1. Purpose
This Information Security Basic Policy ("Basic Policy") is designed to ensure the proper protection of important information held within NEXYZ.Group Corporation, within interested parties, or within external organizations. Herein, we clarify our basic policies in the establishment, maintenance, and ongoing improvement of our Information Security Management System , established in conformance with ISO27001 and put in place to help us accomplish the objectives of our organization.
2. Compliance
Compliance with legal and contractual issues is the first step in NEXYZ.Group Corporation information security. With this in mind, we strive to be perfect in compliance with the following matters:
1. Comply with contract terms related to information security
2. Comply with labor regulations and other organizational rules
3. Comply with regulations specified within our own information security management system
4. Comply with laws, regulations, and guidelines as provided in List of Laws, Regulations, and
Guidelines
3. Employee Responsibilities and Duties
All employees and relevant departments must follow the procedures provided to maintain and
support this Basic Policy. Further, all employees and relevant departments are responsible for
reporting information security-related incidents, or a suspected risk of incident,
promptly.
Any acts intended to compromise information assets protected by NEXYZ.Group
Corporation, customers, or relevant departments shall be subject to disciplinary and/or legal
action.
4. Risk Management
NEXYZ.Group Corporation conducts information security assessments to identify risks associated with the loss of confidential information, incomplete information, or loss of access to information.

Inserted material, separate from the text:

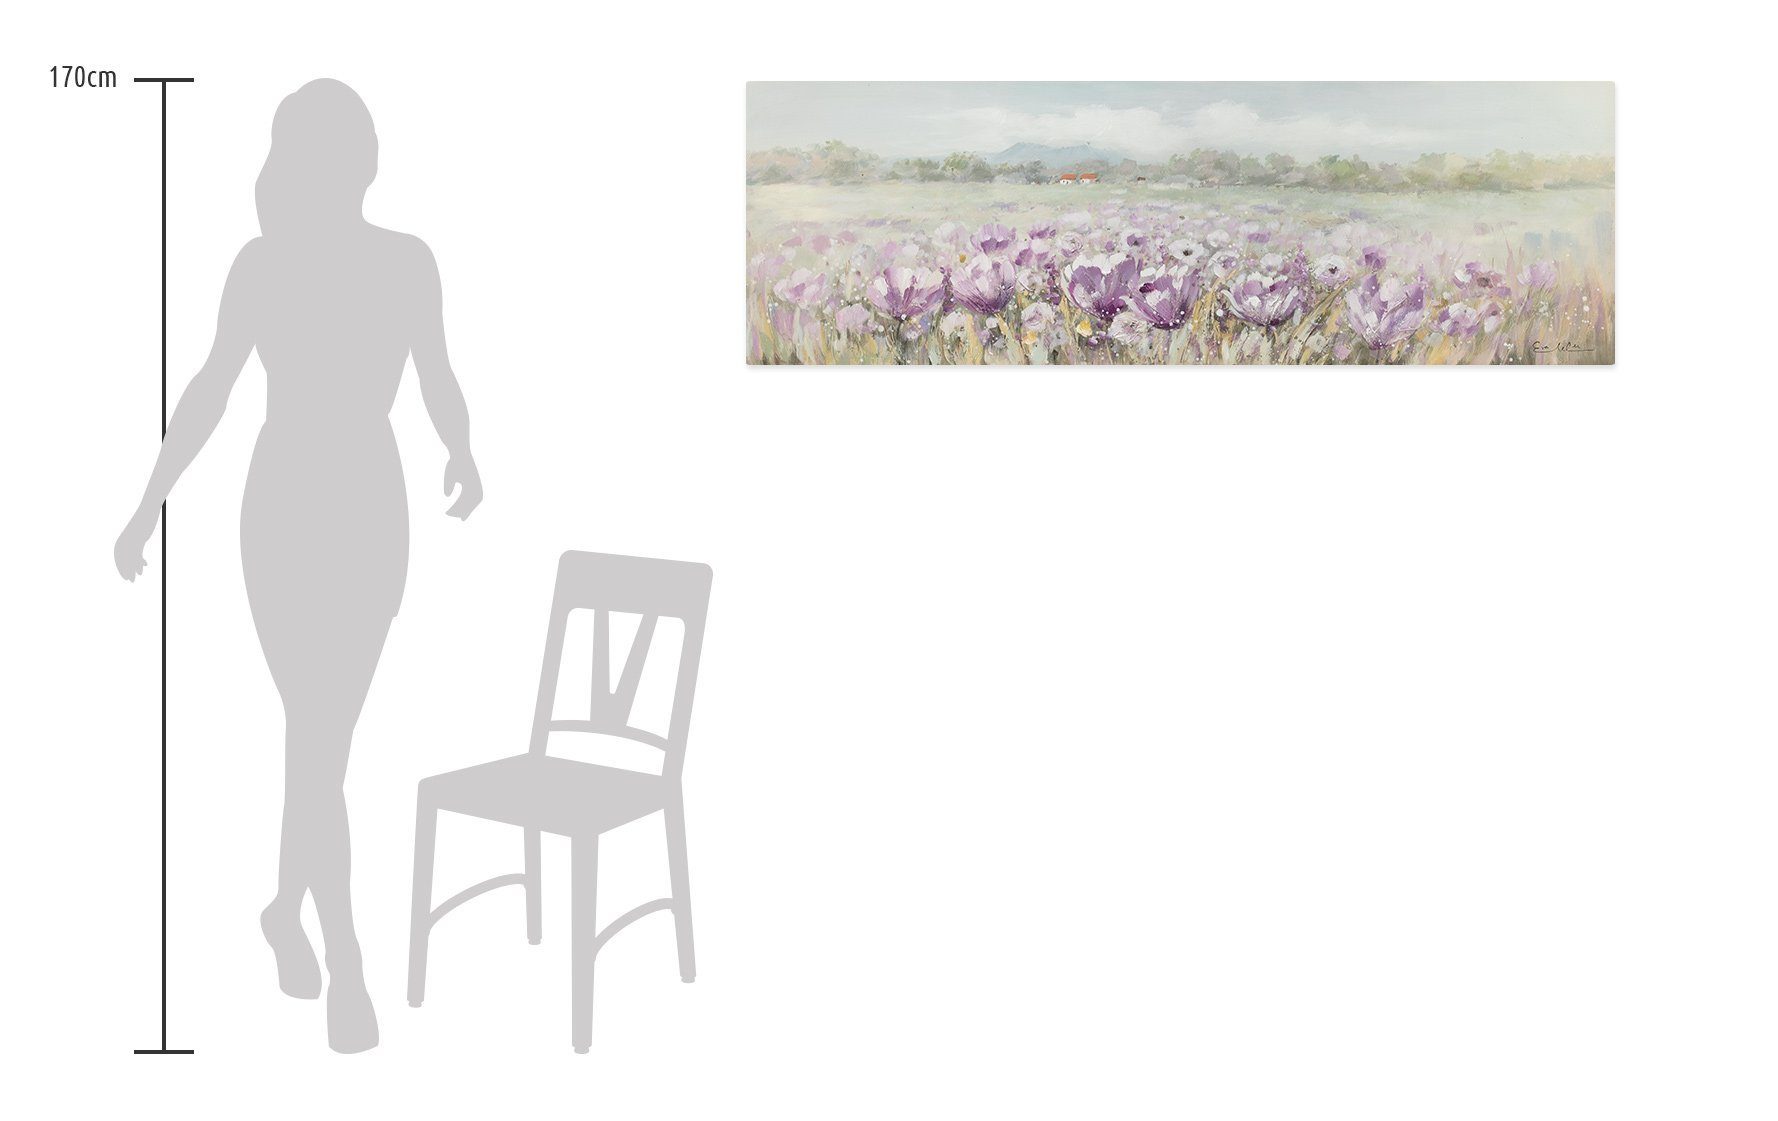 KUNSTLOFT Gemälde Blühender Leinwandbild Wohnzimmer 100% Sommer cm, 150x50 Wandbild HANDGEMALT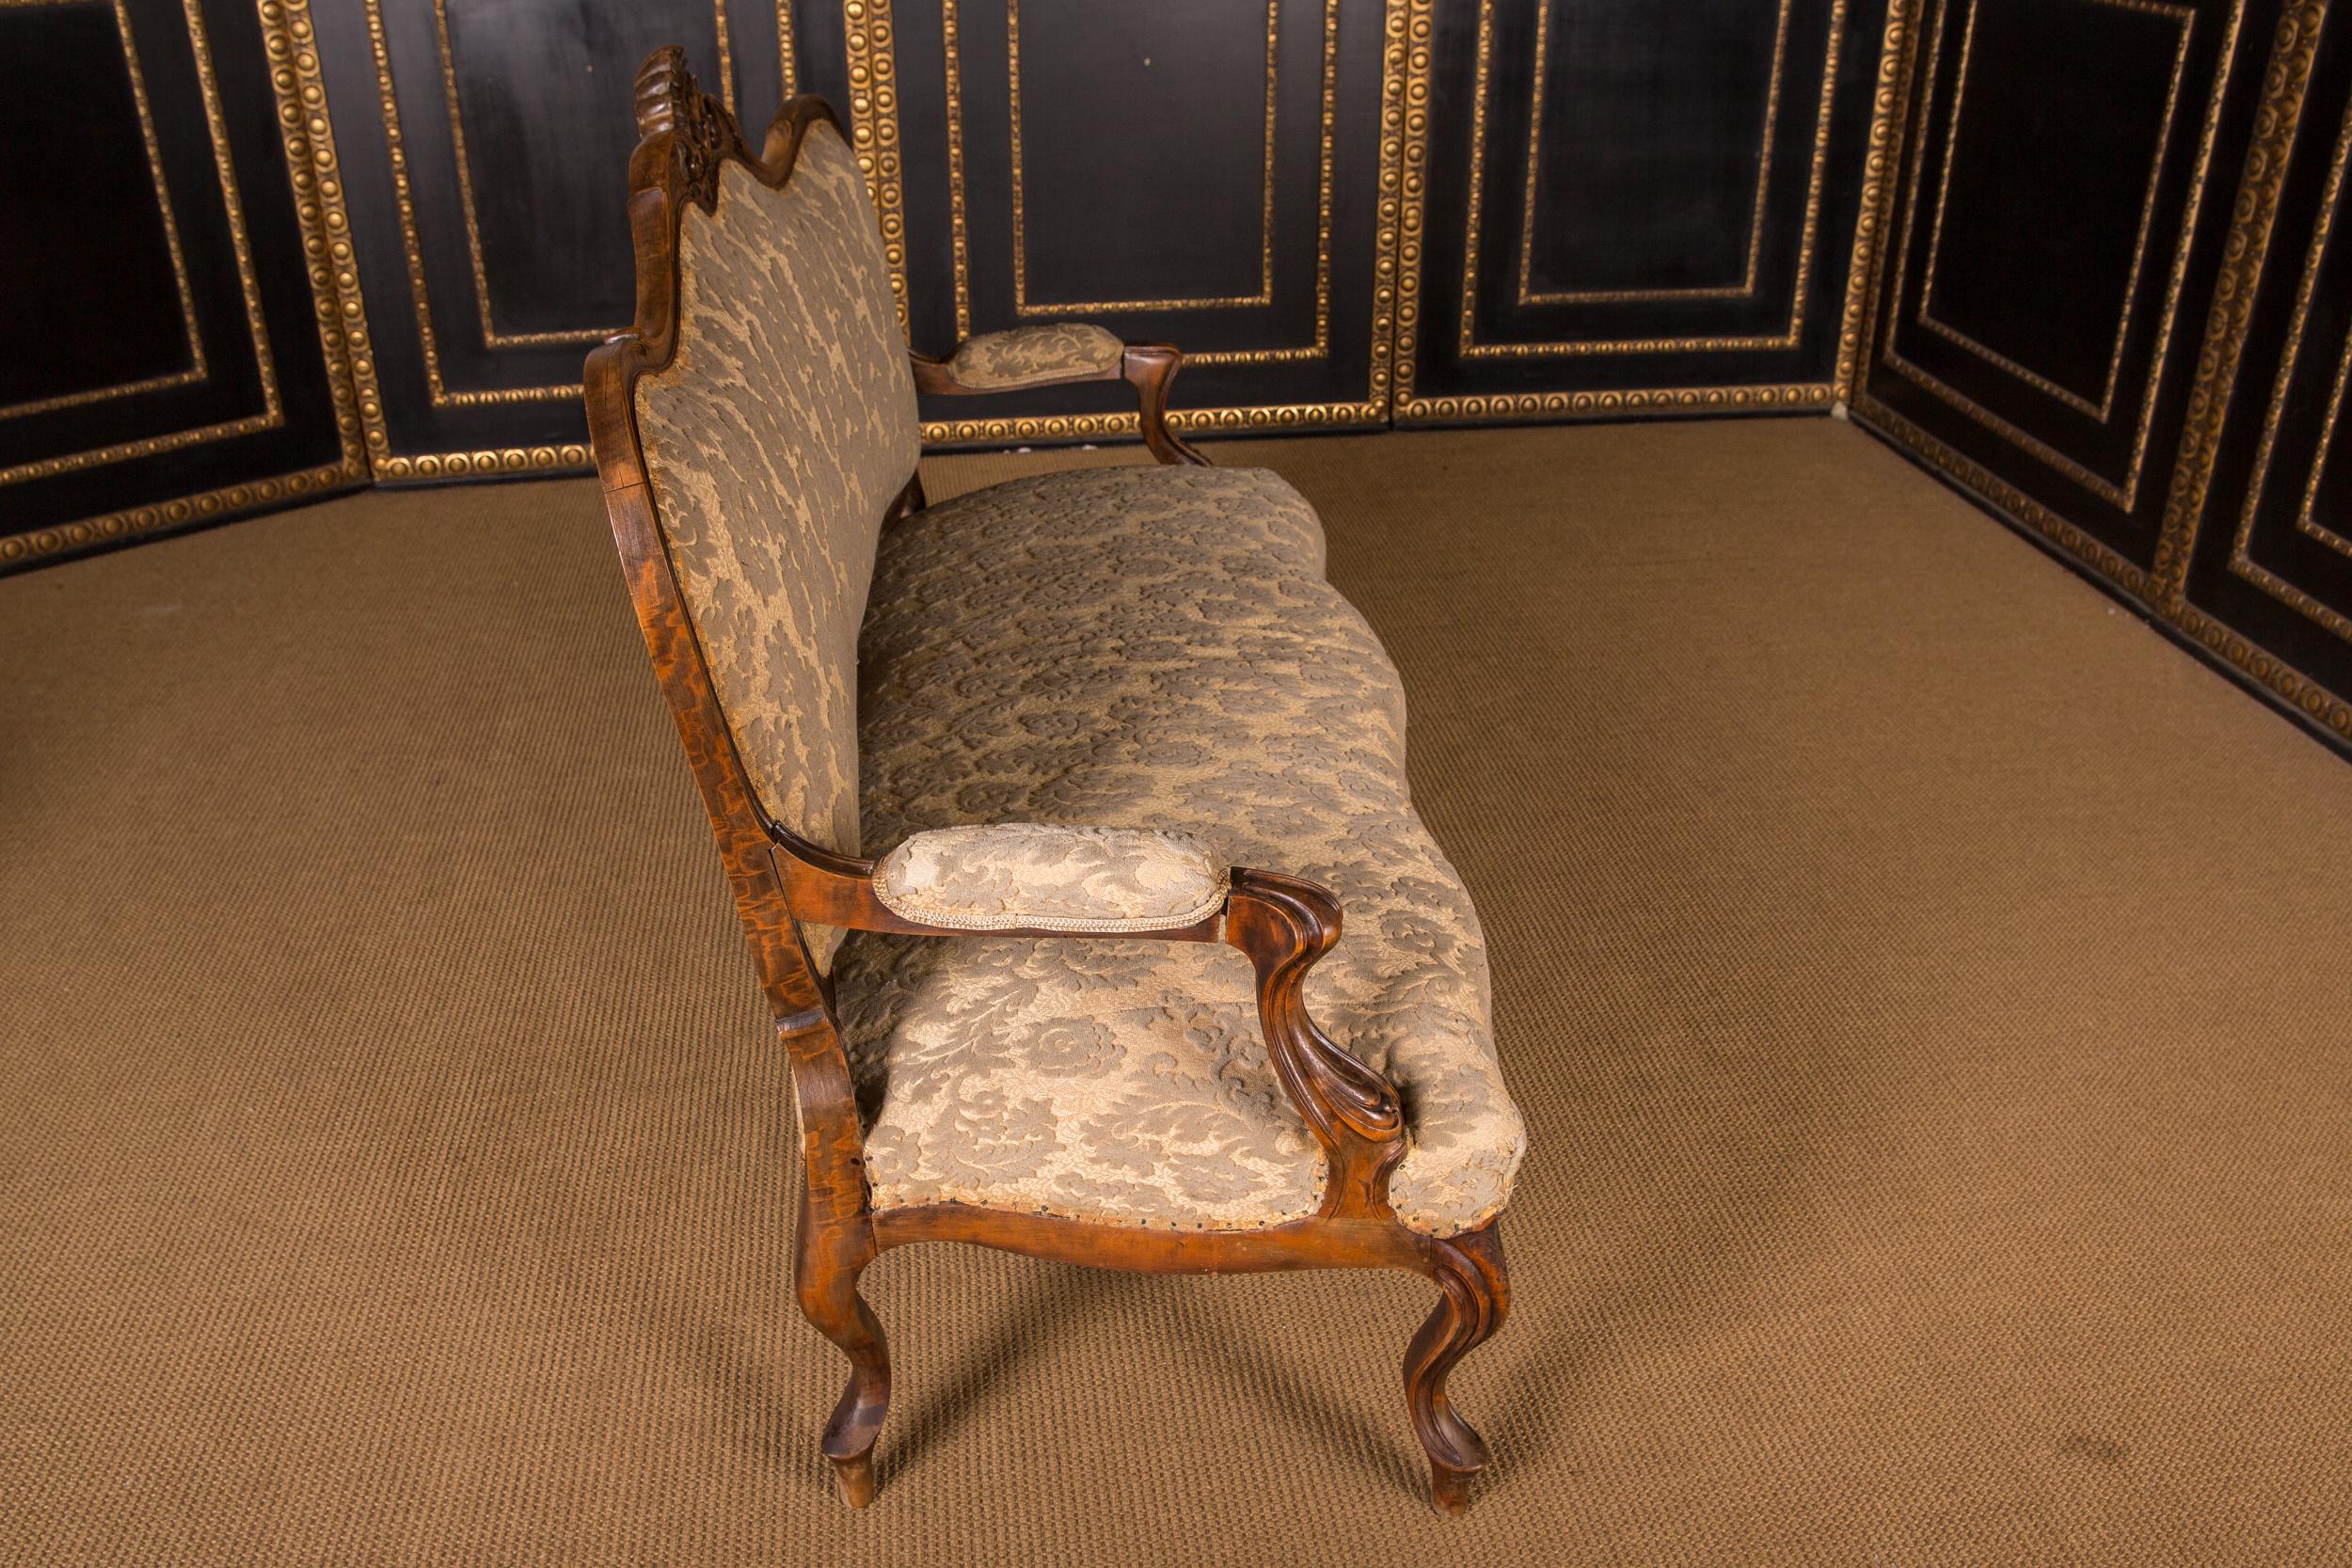 Castle Worthy Salon Group Sofa and Chairs Neo Rococo, circa 1860 9

We determine the necessity and sufficiency of controls in response to information security risks, striving to be worthy of the confidence of interested parties and outside organizations in our ability to properly manage risks that impact our information security.
5. Ongoing Improvements
NEXYZ.Group Corporation conducts internal audits, management reviews, and other performance evaluations to determine whether we are in compliance with this Basic Policy. We continue to assess and improve our information security management system on a regular basis.